Stored items
· · ·

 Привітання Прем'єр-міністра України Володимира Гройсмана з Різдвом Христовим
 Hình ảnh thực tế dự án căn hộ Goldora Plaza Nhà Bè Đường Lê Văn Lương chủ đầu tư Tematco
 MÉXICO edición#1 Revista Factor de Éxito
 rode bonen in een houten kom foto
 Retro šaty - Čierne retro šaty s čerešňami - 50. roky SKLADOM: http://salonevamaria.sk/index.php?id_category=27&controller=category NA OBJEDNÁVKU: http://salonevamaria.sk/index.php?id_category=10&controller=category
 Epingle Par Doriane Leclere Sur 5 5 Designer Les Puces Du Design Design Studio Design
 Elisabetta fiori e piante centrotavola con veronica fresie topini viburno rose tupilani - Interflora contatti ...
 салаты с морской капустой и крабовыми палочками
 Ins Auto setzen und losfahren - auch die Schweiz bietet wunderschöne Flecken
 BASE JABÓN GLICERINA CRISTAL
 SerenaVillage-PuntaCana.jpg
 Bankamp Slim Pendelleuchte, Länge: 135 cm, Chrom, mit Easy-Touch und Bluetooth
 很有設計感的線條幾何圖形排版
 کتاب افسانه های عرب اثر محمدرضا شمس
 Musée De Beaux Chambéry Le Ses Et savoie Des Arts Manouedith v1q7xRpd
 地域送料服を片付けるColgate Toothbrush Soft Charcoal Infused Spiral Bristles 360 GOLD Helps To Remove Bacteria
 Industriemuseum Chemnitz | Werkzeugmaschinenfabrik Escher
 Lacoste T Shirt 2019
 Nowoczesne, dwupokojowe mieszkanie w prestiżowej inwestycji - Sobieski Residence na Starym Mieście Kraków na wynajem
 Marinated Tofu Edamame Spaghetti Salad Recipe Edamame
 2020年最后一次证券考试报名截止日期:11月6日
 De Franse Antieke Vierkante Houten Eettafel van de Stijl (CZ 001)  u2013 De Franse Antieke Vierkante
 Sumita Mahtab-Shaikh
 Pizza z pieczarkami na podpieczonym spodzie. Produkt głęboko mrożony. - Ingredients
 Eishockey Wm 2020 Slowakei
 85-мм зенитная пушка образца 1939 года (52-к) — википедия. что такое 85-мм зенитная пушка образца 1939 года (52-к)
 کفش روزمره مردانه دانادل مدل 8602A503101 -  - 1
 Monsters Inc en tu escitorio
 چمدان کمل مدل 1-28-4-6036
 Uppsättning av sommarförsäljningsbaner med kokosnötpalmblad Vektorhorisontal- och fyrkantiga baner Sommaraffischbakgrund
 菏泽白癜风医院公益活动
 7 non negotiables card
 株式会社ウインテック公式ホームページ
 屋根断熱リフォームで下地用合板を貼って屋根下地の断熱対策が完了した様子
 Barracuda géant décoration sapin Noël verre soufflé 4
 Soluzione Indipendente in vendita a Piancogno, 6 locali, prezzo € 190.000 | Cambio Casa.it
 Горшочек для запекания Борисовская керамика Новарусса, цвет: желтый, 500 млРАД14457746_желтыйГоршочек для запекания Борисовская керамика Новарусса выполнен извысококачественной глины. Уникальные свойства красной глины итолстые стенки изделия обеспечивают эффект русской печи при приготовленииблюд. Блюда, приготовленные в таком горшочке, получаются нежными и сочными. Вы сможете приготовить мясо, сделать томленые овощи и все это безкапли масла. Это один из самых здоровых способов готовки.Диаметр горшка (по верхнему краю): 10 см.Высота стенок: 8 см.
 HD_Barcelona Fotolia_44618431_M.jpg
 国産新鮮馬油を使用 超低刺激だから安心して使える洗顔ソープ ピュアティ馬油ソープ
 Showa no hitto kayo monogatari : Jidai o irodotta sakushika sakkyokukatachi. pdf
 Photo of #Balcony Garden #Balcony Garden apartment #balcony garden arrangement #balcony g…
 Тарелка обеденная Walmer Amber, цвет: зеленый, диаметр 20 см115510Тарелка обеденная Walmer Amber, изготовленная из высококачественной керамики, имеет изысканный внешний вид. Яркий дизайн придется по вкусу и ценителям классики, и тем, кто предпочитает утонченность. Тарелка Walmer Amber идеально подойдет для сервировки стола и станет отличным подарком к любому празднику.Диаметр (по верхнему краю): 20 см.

· · ·

REQUIREMENT
Looking at the records above, which lines contain "верхнему"? Copy those lines.

COMPLETED TASK
 Горшочек для запекания Борисовская керамика Новарусса, цвет: желтый, 500 млРАД14457746_желтыйГоршочек для запекания Борисовская керамика Новарусса выполнен извысококачественной глины. Уникальные свойства красной глины итолстые стенки изделия обеспечивают эффект русской печи при приготовленииблюд. Блюда, приготовленные в таком горшочке, получаются нежными и сочными. Вы сможете приготовить мясо, сделать томленые овощи и все это безкапли масла. Это один из самых здоровых способов готовки.Диаметр горшка (по верхнему краю): 10 см.Высота стенок: 8 см.
 Тарелка обеденная Walmer Amber, цвет: зеленый, диаметр 20 см115510Тарелка обеденная Walmer Amber, изготовленная из высококачественной керамики, имеет изысканный внешний вид. Яркий дизайн придется по вкусу и ценителям классики, и тем, кто предпочитает утонченность. Тарелка Walmer Amber идеально подойдет для сервировки стола и станет отличным подарком к любому празднику.Диаметр (по верхнему краю): 20 см.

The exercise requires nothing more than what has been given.